After a long silence, his head in his hands, Le Scouarnec responded, “You can’t make me.”

A diary of horrors

The evidence at the center of the latest case will be Le Scouarnec’s own diaries, prosecutors say depict actual events in which children were abused. His attorney says they detail fantasies that he did not act on.

So comprehensive are they, that a journal discovered during the 2020 trial – often noting the time and place of the rapes, the victim’s identity and even their address – helped investigators to identify the dizzying number of his alleged rapes.

Court documents submitted by the prosecution note that he admitted he started the journal in 1990, writing regularly right up until 2016, a year before his retirement, with 40 to more than 100 pages of entries per year.

The entries describe abuse, typically during a supposed medical exam, playing on false medical pretexts to not alarm his patients, the documents show.

The intimate tone of his writings is especially chilling, addressing entries to the children by name, “Little Marie, you were once again alone in your room” begins one account, speaking directly to them and ending many entries – descriptions of sexual acts on a child – with, “I love you.”

In multiple diary entries included in the court documents, Le Scouarnec admits to being a pedophile.

Hidden crimes, real trauma

For the survivors of Le Scouarnec’s alleged abuse, the years since have been traumatic.

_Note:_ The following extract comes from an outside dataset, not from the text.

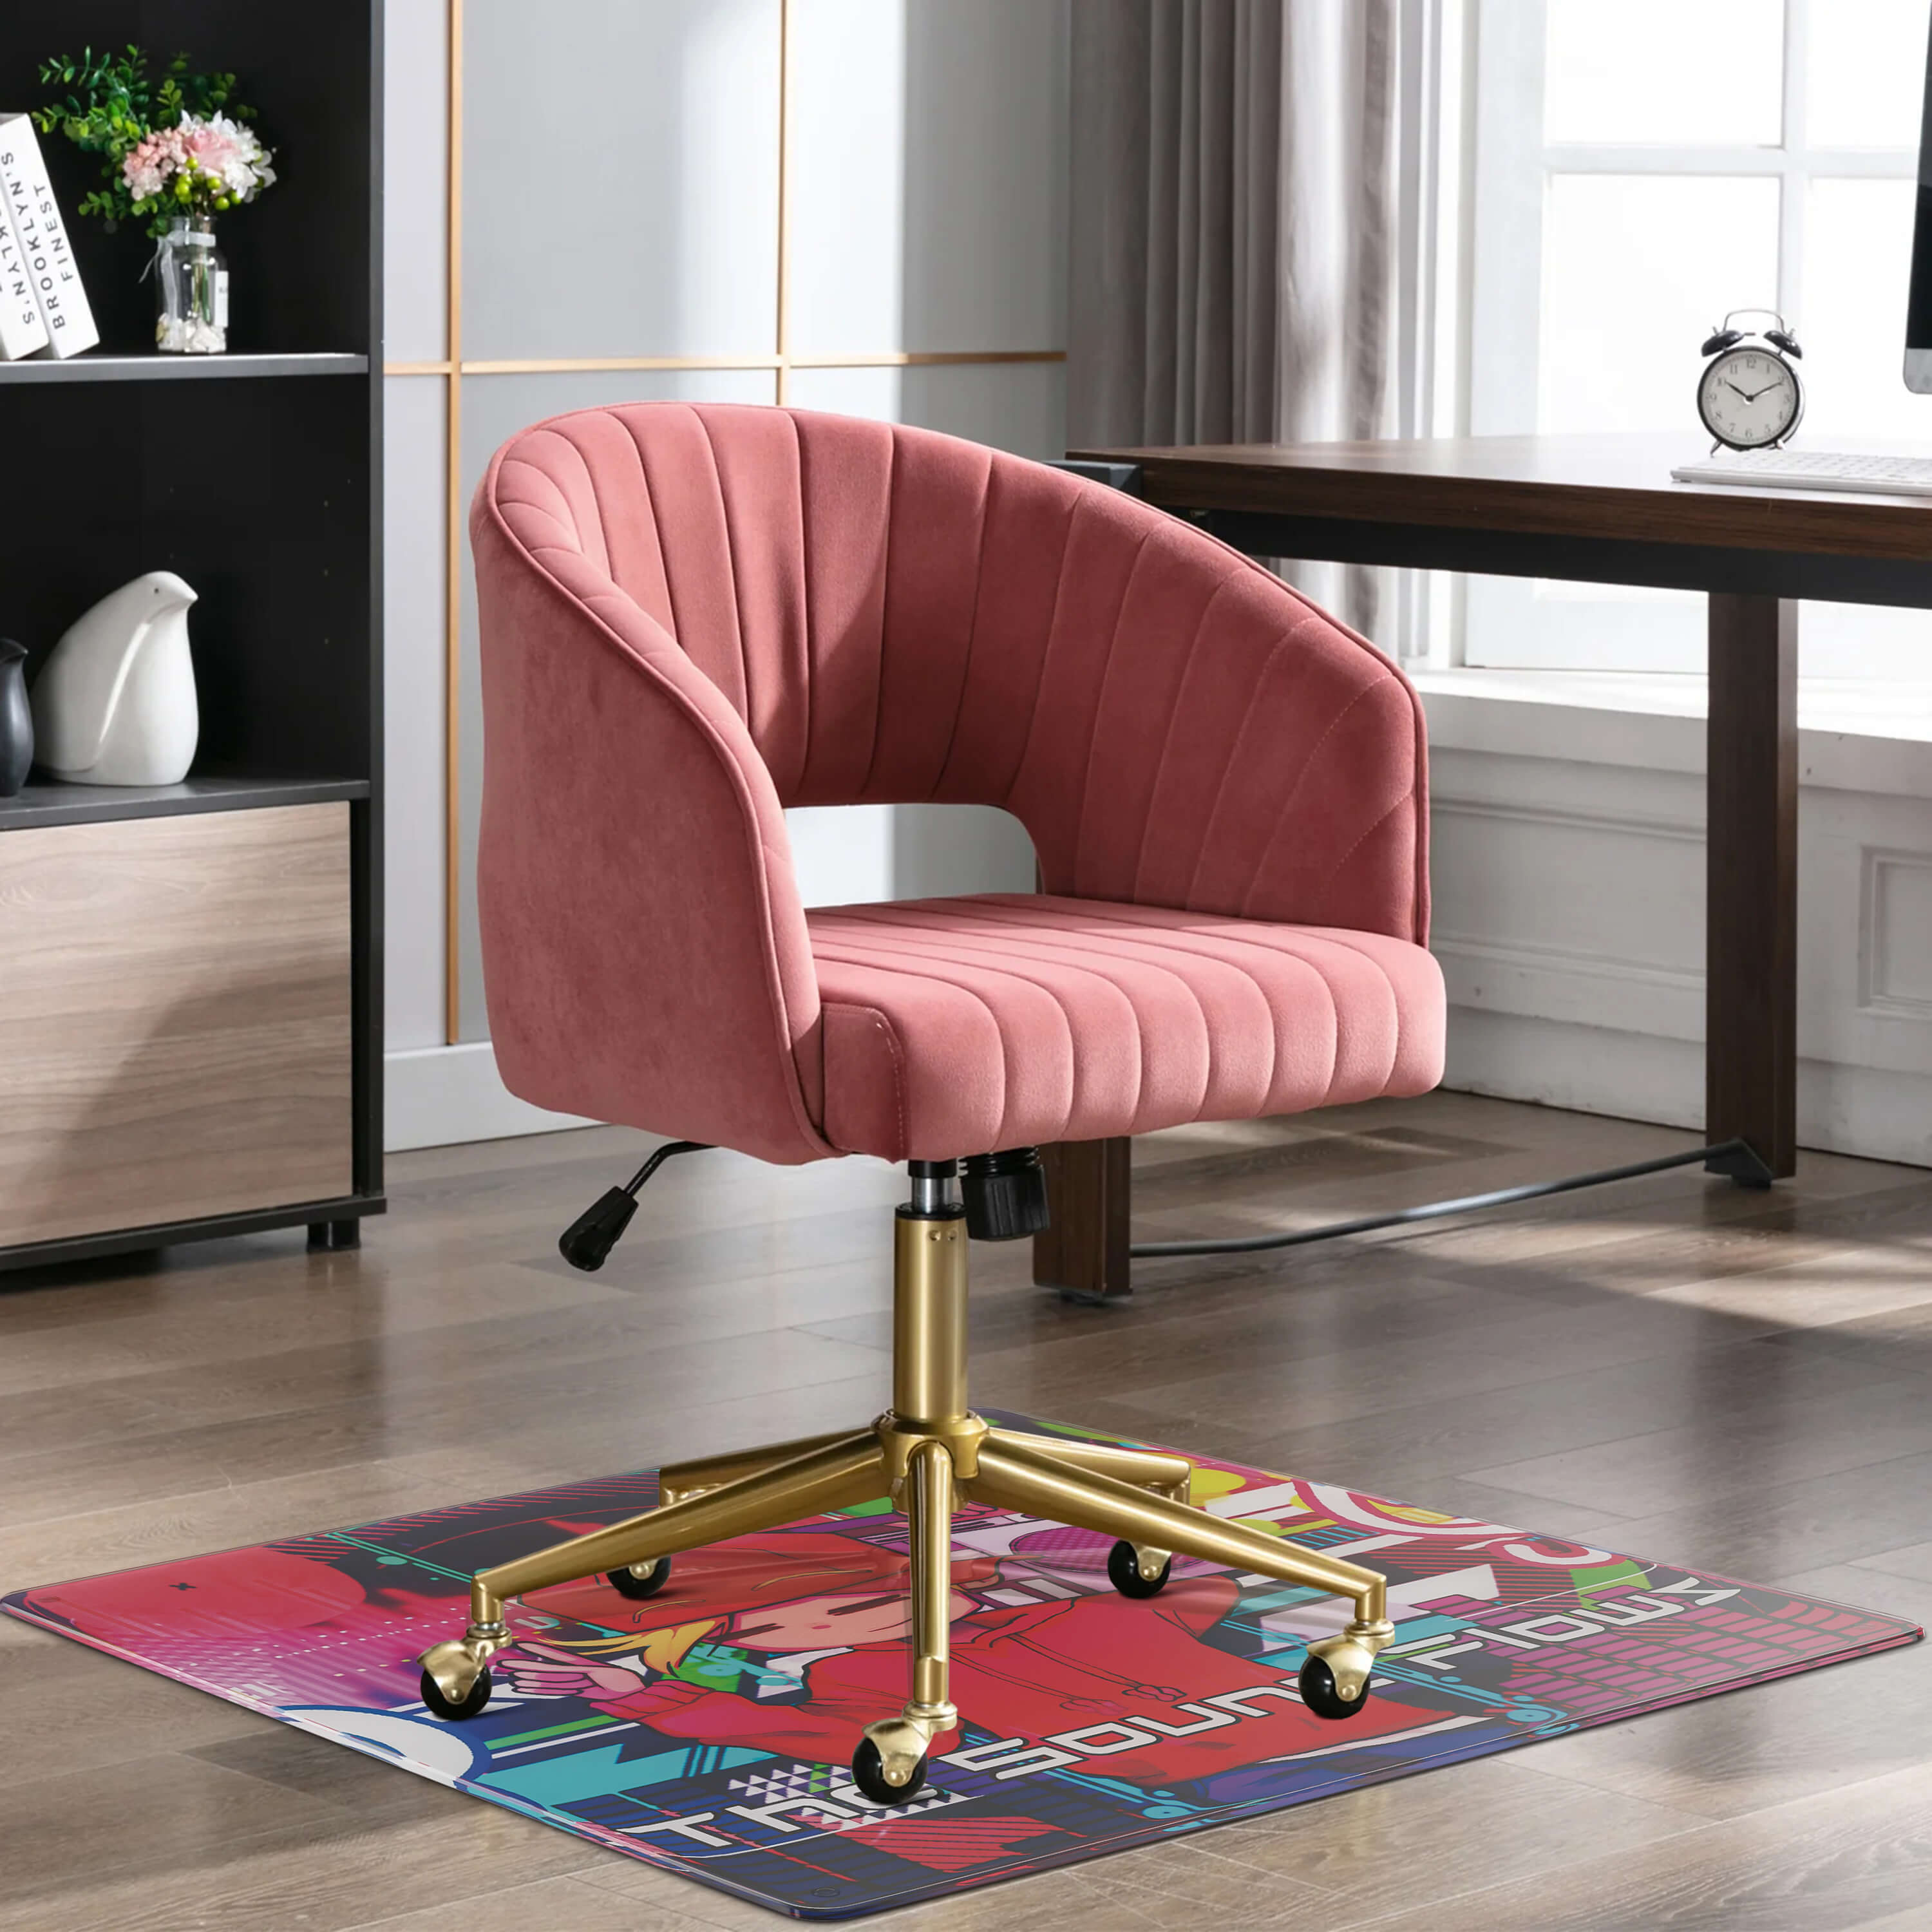 PINNKL Desk Chair mat for Carpeted Floors 2 mm Chair Mat for Hard

Although many of the children were under sedation during the alleged abuse, the effect on their lives has been all too tangible, per court documents. The documents describe psychological analyses of the alleged victims often showing persistent troubles, notably in their later sexual relations and on their self-confidence, following their hospitalizations under Le Scouarnec.

“We have victims in real, genuine suffering. We have people who are anorexic, who are depressed, who can’t have children, who can’t have sex with their partner. It’s all these anomalies in quotation marks, unexplained by their doctors, who say to themselves, “How is this possible?” lawyer Satta said. Among those she represents are two families of men who had allegedly been abused by Le Scouarnec and died by suicide years later.

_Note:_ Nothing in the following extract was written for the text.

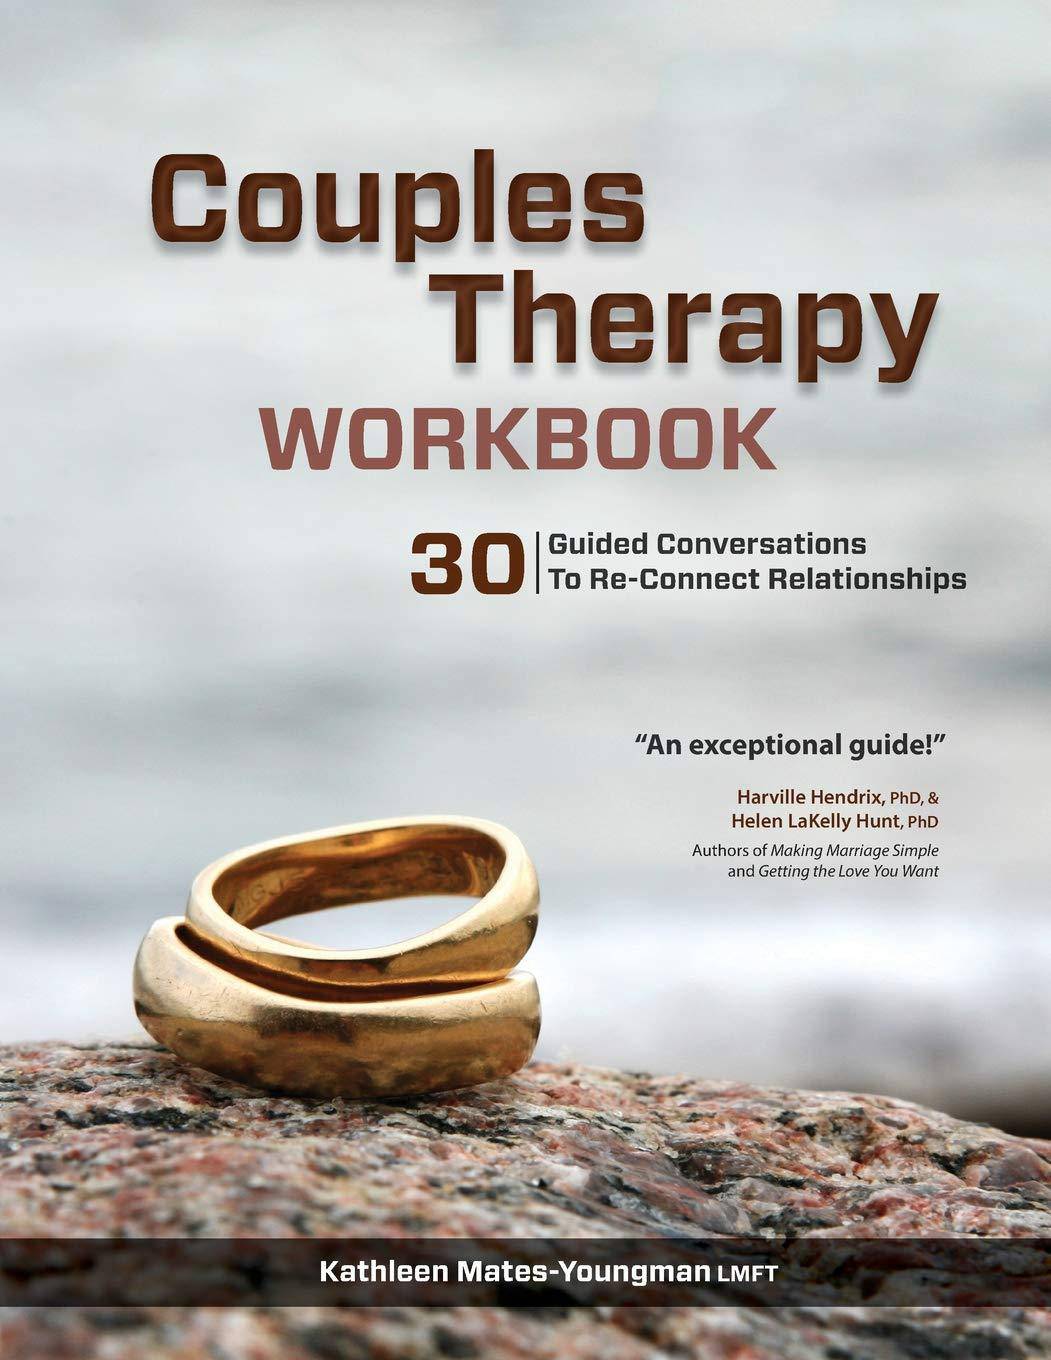 Couples Therapy Workbook - SureShot Books Publishing LLC

Given the lifetime of abusing that Le Scouarnec stands accused of, some of the survivors’ testimony is no longer admissible in court. France’s statute of limitations restricts rape prosecutions to 30 years after the victim reaches adulthood, meaning about 80 people were not included in the case, Satta said.

As justice runs its course, one question swirls around the case: How was this man allegedly able to prey on so many young people for so long?